Friday, May 4, 2001 at 10:00 a.m., at our corporate headquarters at 7825 East
Gelding Drive, Scottsdale, Arizona

AGENDA

Elect 2 directors

PROXIES SOLICITED BY

The Board of Directors

FIRST MAILING DATE

April 13, 2001

RECORD  DATE

April 6, 2001. On the Record Date, there were 7,967,326 shares entitled to vote
at the Meeting, consisting of 7,381,676 shares of common stock, each entitled to
one vote, 250,000 shares of Series A Preferred Stock, entitled to a total of
264,550 votes and 321,100 shares of Series B Preferred Stock, entitled to
321,100 votes.

VOTING

If you were a holder of common or preferred stock on the record date, you may
vote at the Meeting. Each share of common stock is entitled to one vote, each
share of Series A Preferred Stock is entitled to 1.06 votes and each share of
Series B Preferred Stock is entitled to one vote at the meeting. You can vote in
person at the Meeting, or you can vote by proxy.

PROXIES

We will vote signed proxies "FOR" the nominees for director unless you vote
differently on the Proxy Card. The proxy holders will use their discretion on
any other matters submitted to a vote of the stockholders.

REVOKING YOUR PROXY

You may revoke your proxy by delivering a written and signed revocation letter
to Terry J. Gustafson, Secretary, at the Scottsdale address shown above.

VOTING  PROCEDURES

Directors must receive a plurality of the shares present and voting in person or
by proxy, in order to be elected. A plurality means receiving the largest number
of votes, regardless of whether that is a majority. You may not cumulate votes.

OTHER  BUSINESS

The Board of Directors knows of no other matters to be brought before the
Meeting.

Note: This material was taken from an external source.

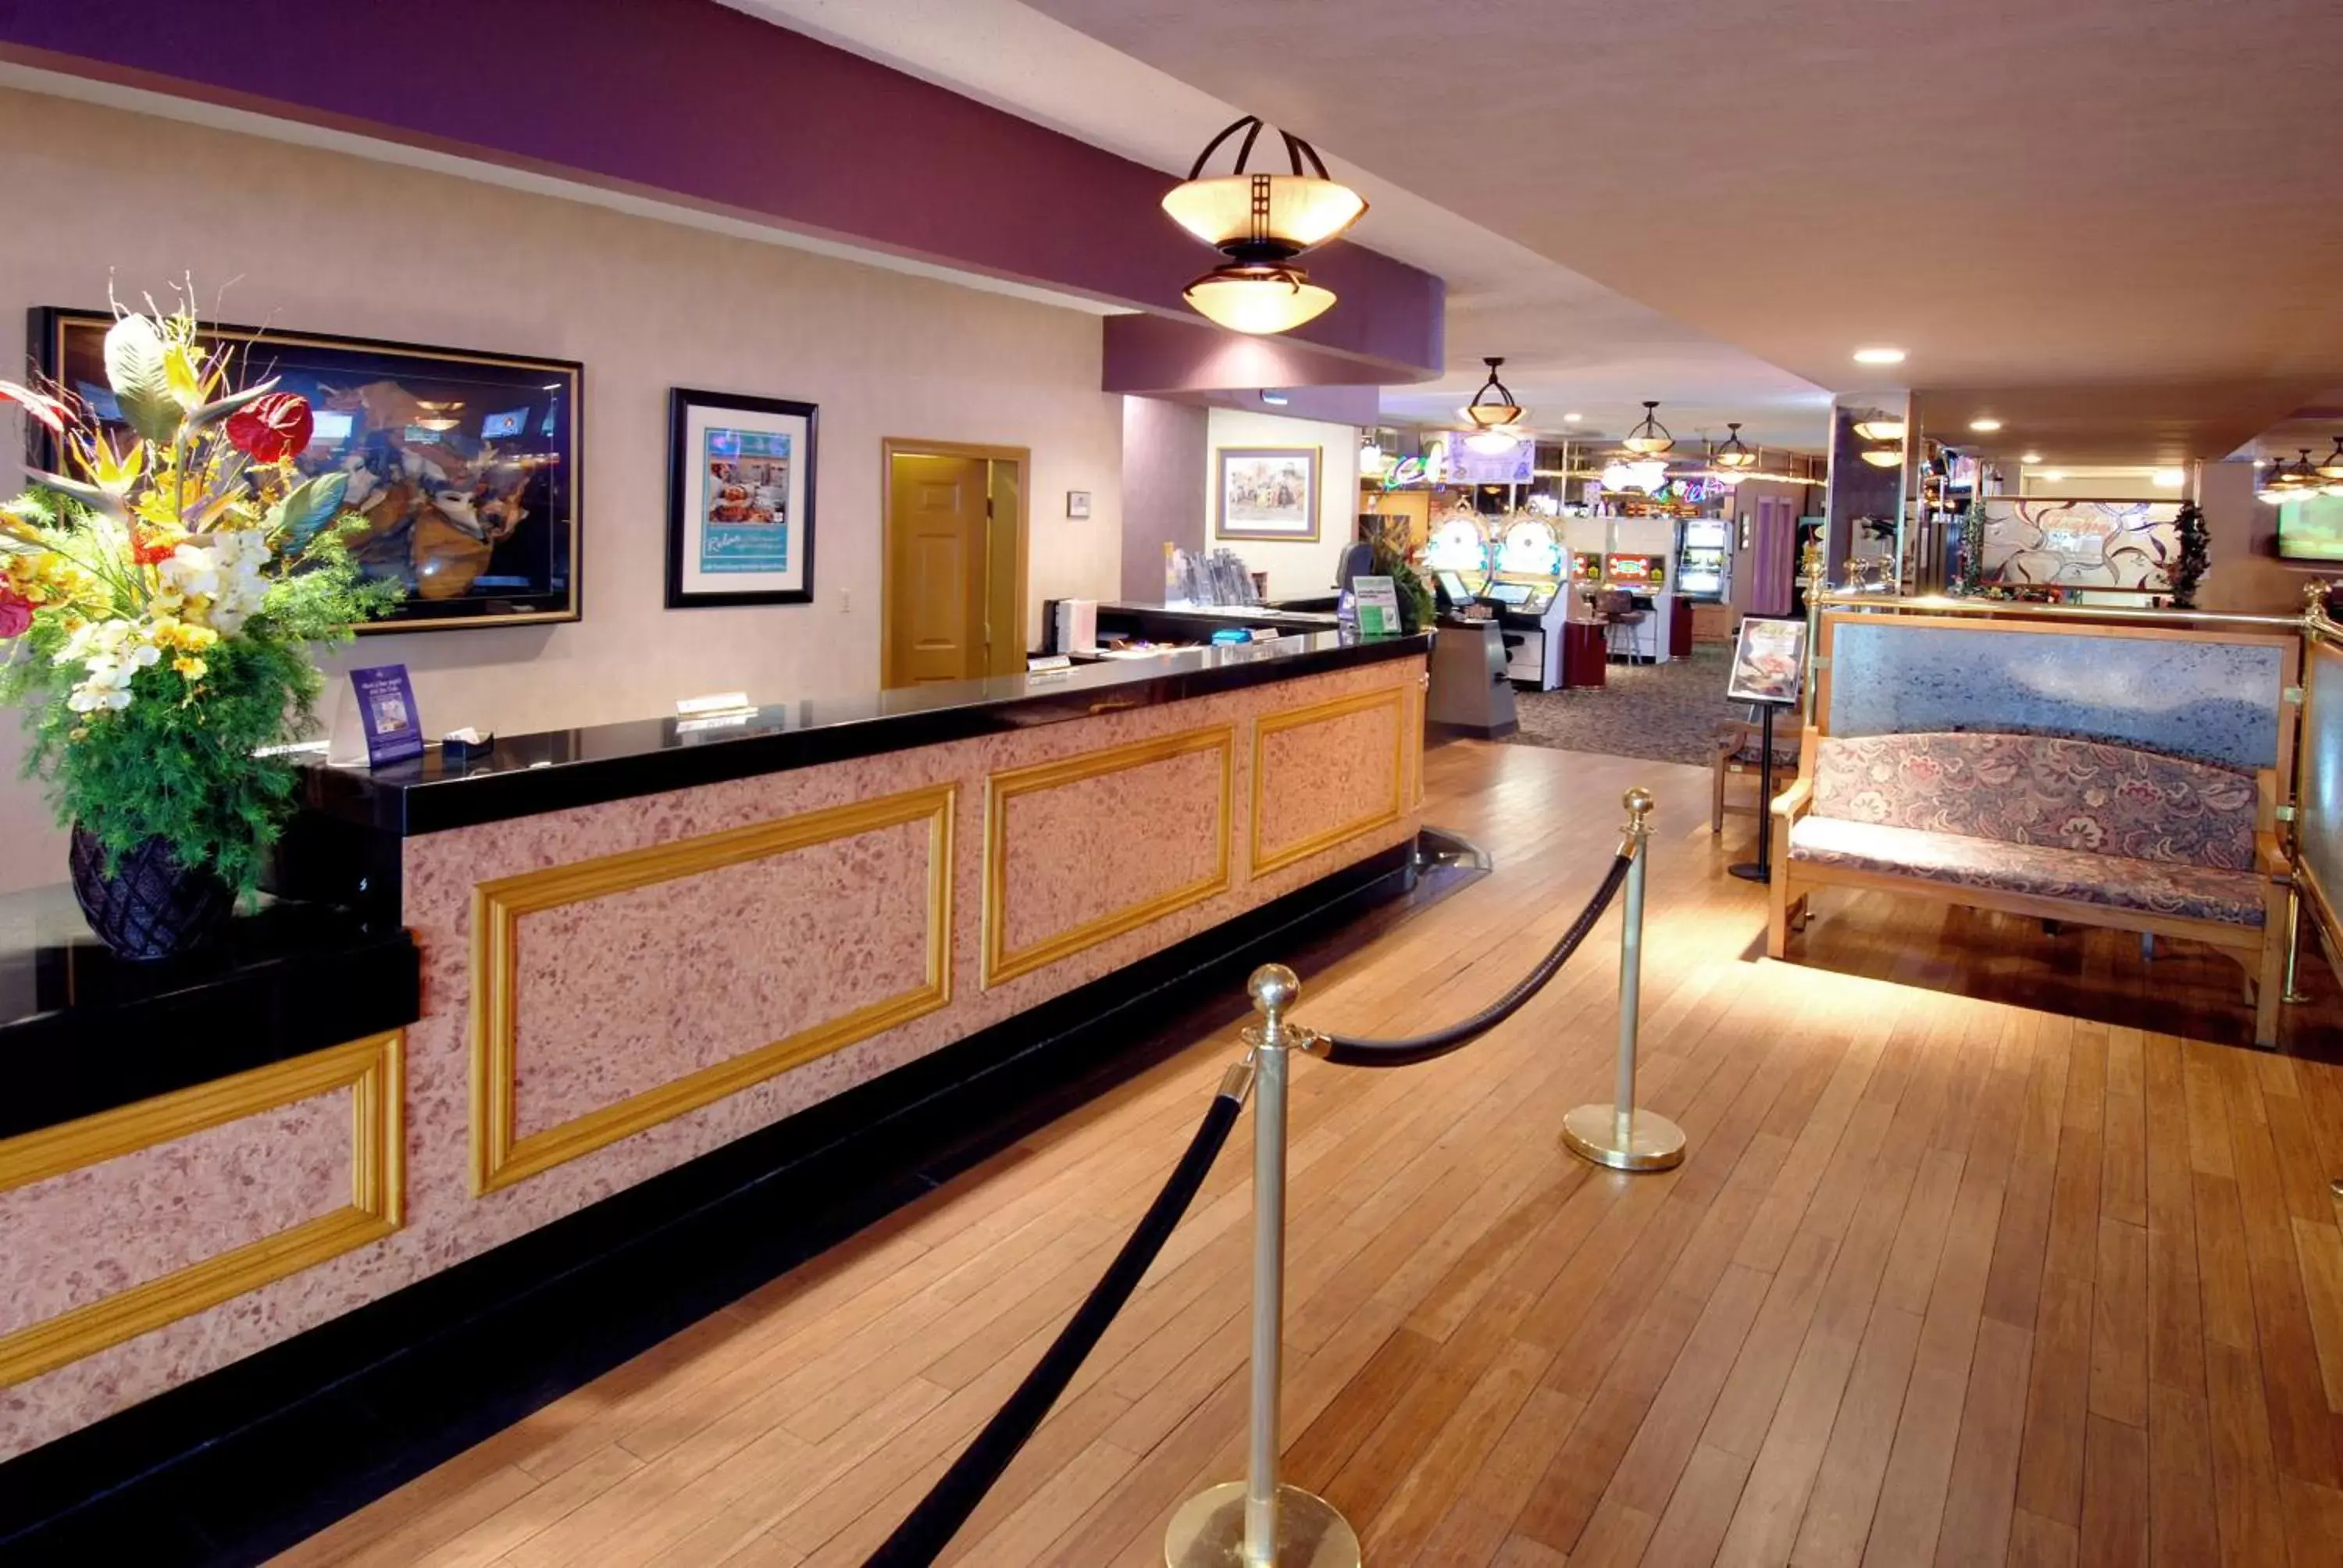 Lobby or reception, Lobby/Reception in Mardi Gras Hotel & Casino

If other business is properly brought before the Meeting, the persons
appointed in the enclosed proxy will vote using their discretion.

A brief  description of the item being submitted and the  recommendation  of the
Board of Directors with respect to the item are as follows:

- --------------------------------------------------------------------------------
                                    PROPOSAL
- --------------------------------------------------------------------------------
                             TO ELECT THE DIRECTORS

                                BOARD INFORMATION

The Company's Board of Directors currently consists of Bruce D. Williams, Terry
L. Simpson and Michael S. Williams. Mr. Bruce Williams and Mr. Simpson have been
nominated for an additional term. Michael S. Williams has declined to run for an
additional term.

      NAME                     AGE       POSITION
      ----                     ---       --------

      Bruce D. Williams        45        Director, Chief Executive Officer
                                         and President

      Terry L. Simpson         49        Chairman of the Board of Directors and
                                         Chief Technical Officer

      Michael S. Williams      54        Director

Bruce D. Williams, Director Chief Executive Officer and President, Mr. Williams
was a co-founder of Entrada's predecessor, CIMsoft, Inc., and has served
Director, Chief Executive Officer and President of Entrada since September 1999.
From 1994 to 1999, Mr. Williams was a Strategic Business Development Manager for
Sybase, Inc., responsible for developing the handheld and embedded strategic
business relationships between Sybase and major partners, including Motorola,
Intermec, Symbol, 3Com, Sun, SAIC and others. He also developed the strategic
business relationship between Sybase and Motorola, Inc. Earlier he developed a
new southwestern professional services district based in Phoenix, Arizona, and
performed staff, sales and delivery management of consulting services. This
involved managing a professional services district with a staff of 40
consultants, practice managers, and district administrators.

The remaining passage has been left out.